Generation stops when the model produces a special end-of-sequence token (indicating it considers the response complete) or when it reaches a maximum token limit. The model learns when to stop during training by observing where responses end in its training data. Well-trained models learn appropriate stopping points for different types of content: a short factual answer stops after a sentence, while a detailed explanation continues for several paragraphs.
Context Windows and Attention
The context window is the maximum number of tokens the model can consider at once. GPT-3 had a context window of 4,096 tokens. GPT-4 supports 8,192 or 128,000 tokens depending on the version. Claude supports up to 200,000 tokens. The context window limits how much text the model can "see" when making each prediction.
Self-attention is what allows the model to use its full context window effectively. At each prediction step, the attention mechanism lets the model focus on the most relevant parts of the input, regardless of distance. When generating the end of a long document, the model can attend to a relevant sentence from the beginning of the document, thousands of tokens earlier. Without attention, information from the beginning of long sequences would fade and become inaccessible.
Longer context windows are computationally expensive because the attention computation scales quadratically with sequence length. Processing a 100,000-token sequence requires roughly 625 times more attention computation than processing a 4,000-token sequence. Various optimizations (FlashAttention, sparse attention, sliding window attention) reduce this cost, making long-context generation practical.
Why Generated Text Sounds Coherent
The remarkable coherence of AI-generated text emerges from two factors: the depth of patterns learned during training and the autoregressive conditioning on previously generated tokens.

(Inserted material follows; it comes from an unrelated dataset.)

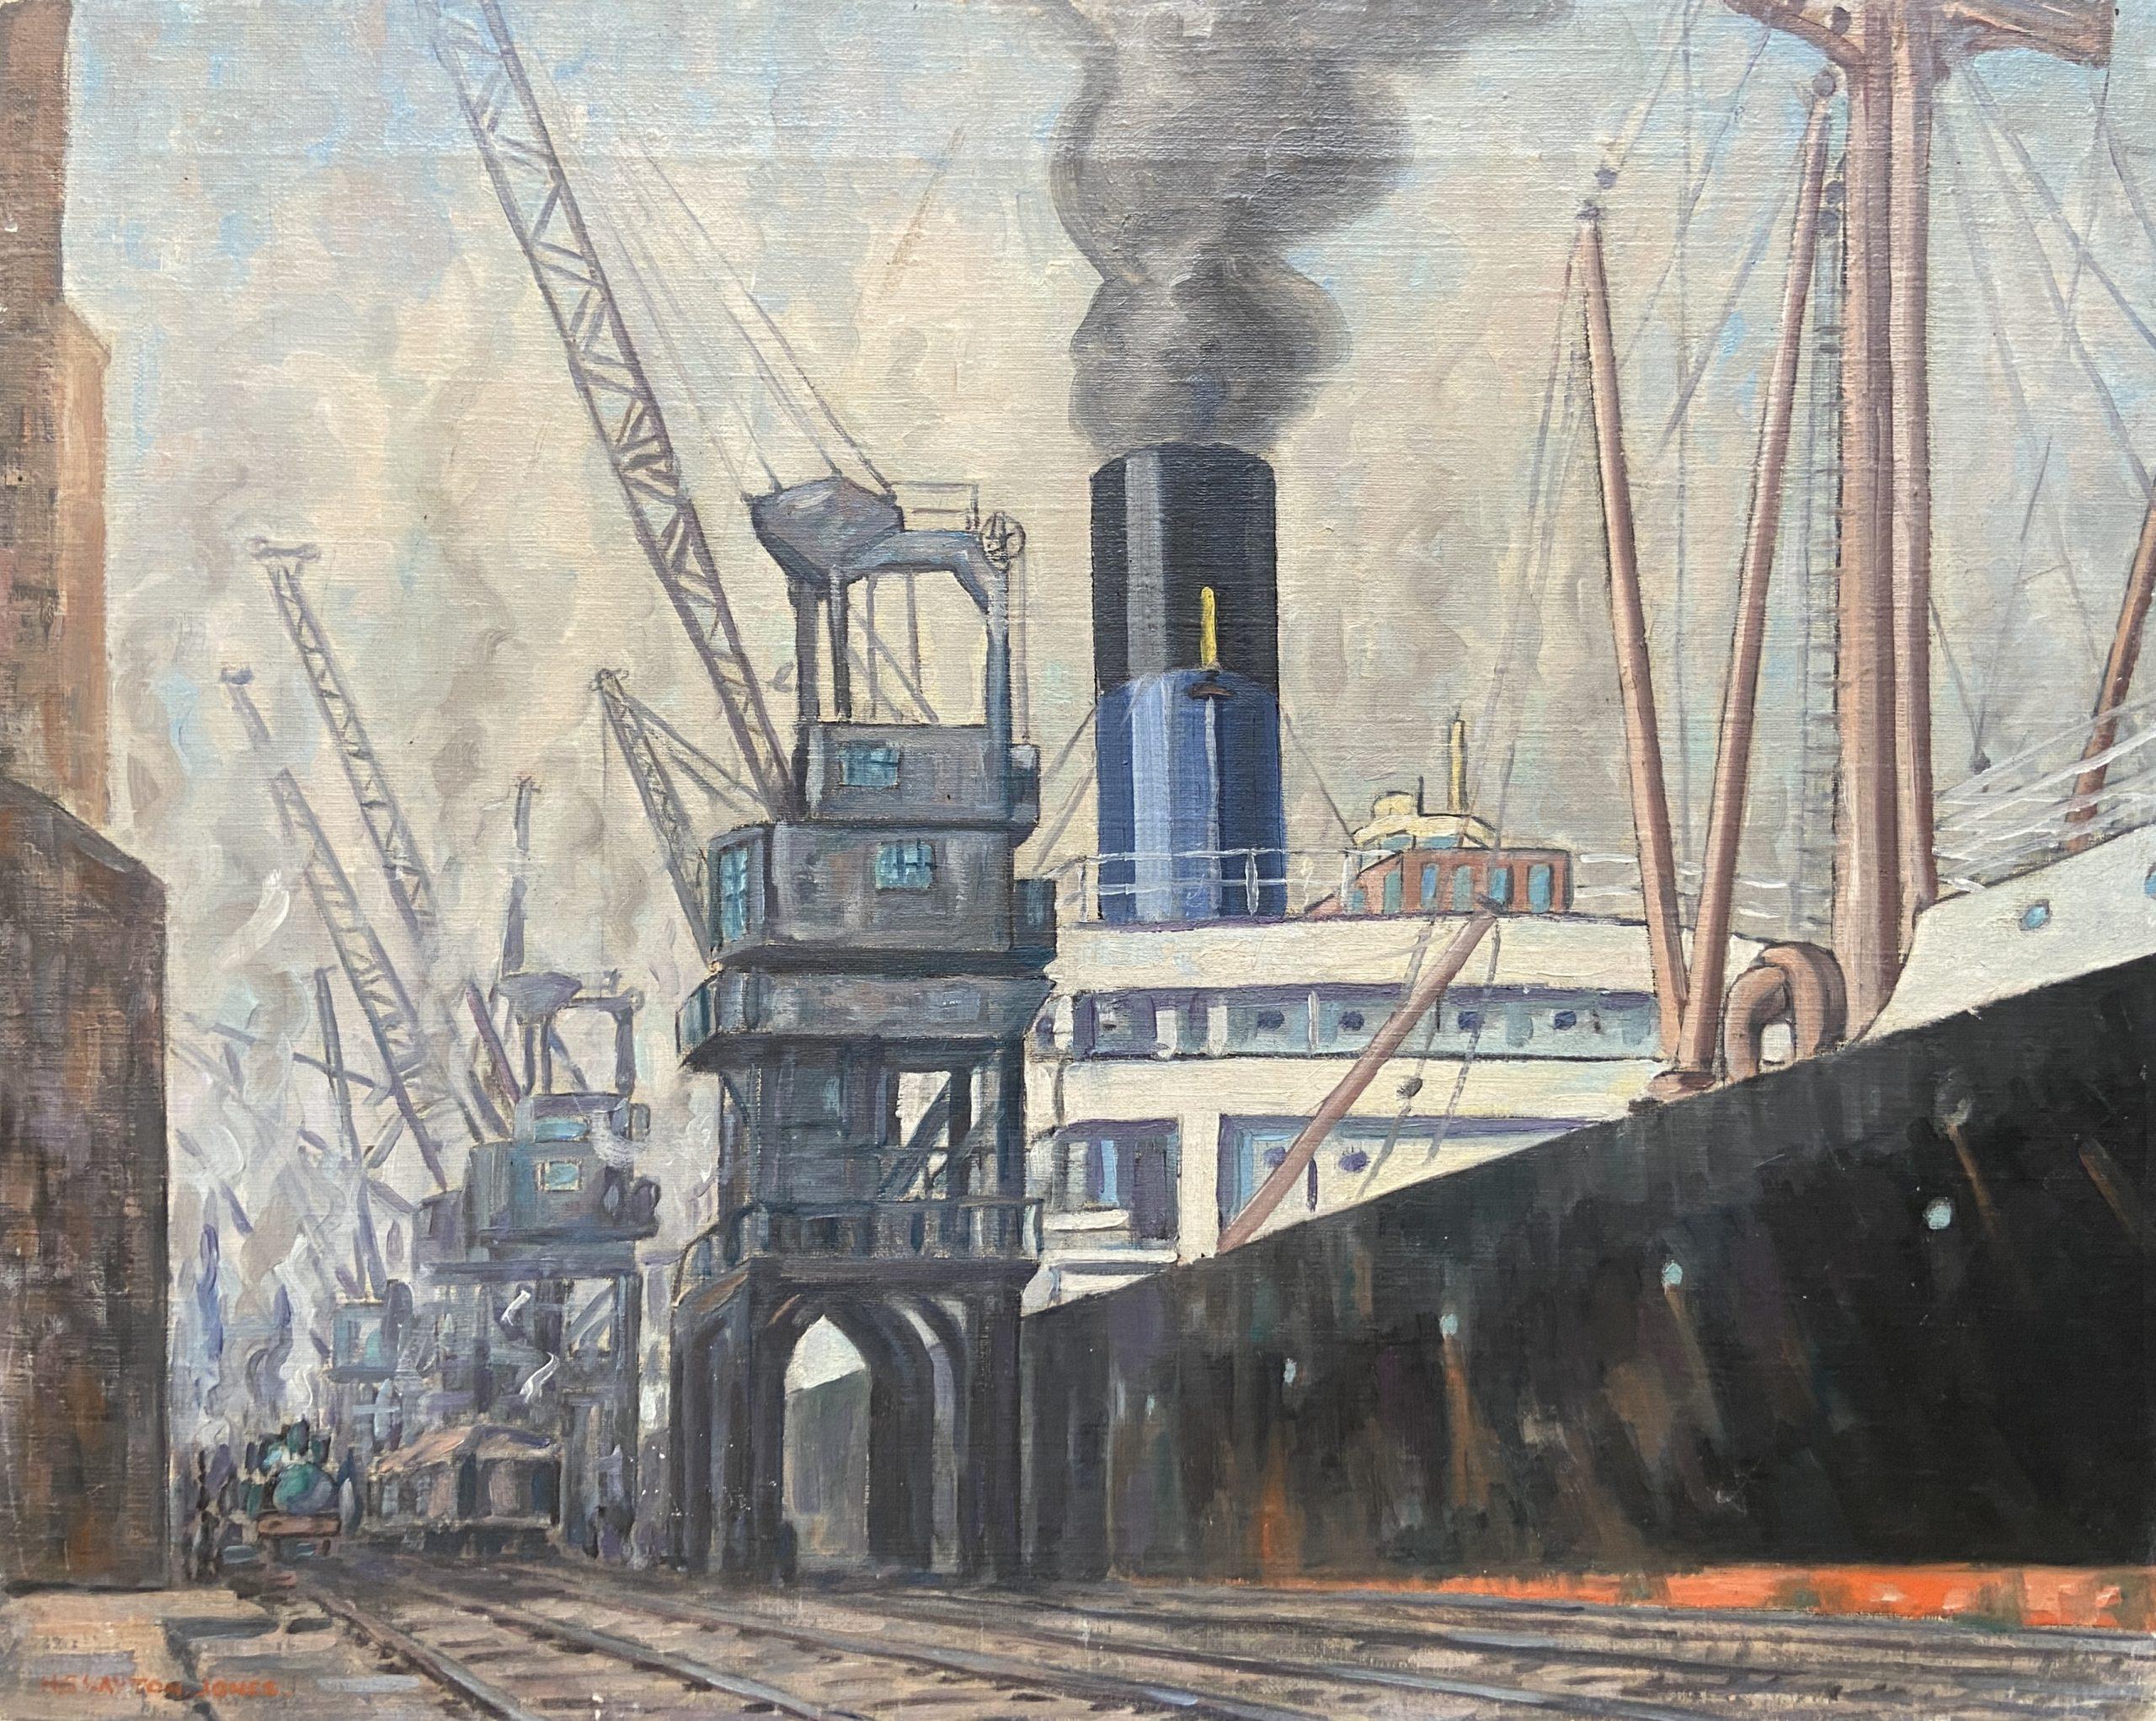 Landscape Painting Howell Clayton Jones - Cardiff Docks, peinture à l'huile galloise du 20e siècle, scène industrielle

During training on trillions of tokens, the model learns not just which words follow which, but the deeper structure of language. It learns that paragraphs should develop a single idea, that arguments should have premises and conclusions, that stories need characters with consistent motivations, and that technical explanations should build from simpler to more complex concepts. These structural patterns are encoded in the model's parameters just as firmly as vocabulary and grammar.
The autoregressive loop reinforces coherence because each new token is generated in the context of everything already written. If the model has been writing about quantum physics for three paragraphs, the probability distribution for the next token is heavily weighted toward quantum physics terminology and concepts. The model does not decide to write a coherent paragraph; coherence emerges because each token is statistically likely to continue the patterns established by previous tokens.
AI generates text through repeated next-token prediction: the model produces a probability distribution over its vocabulary, a sampling strategy selects one token, and that token feeds back as input for the next prediction. Sampling parameters like temperature and top-p control the balance between creativity and coherence. The coherence of long outputs emerges from the autoregressive loop, where each token is conditioned on the full sequence generated so far, combined with the deep structural patterns the model learned during training.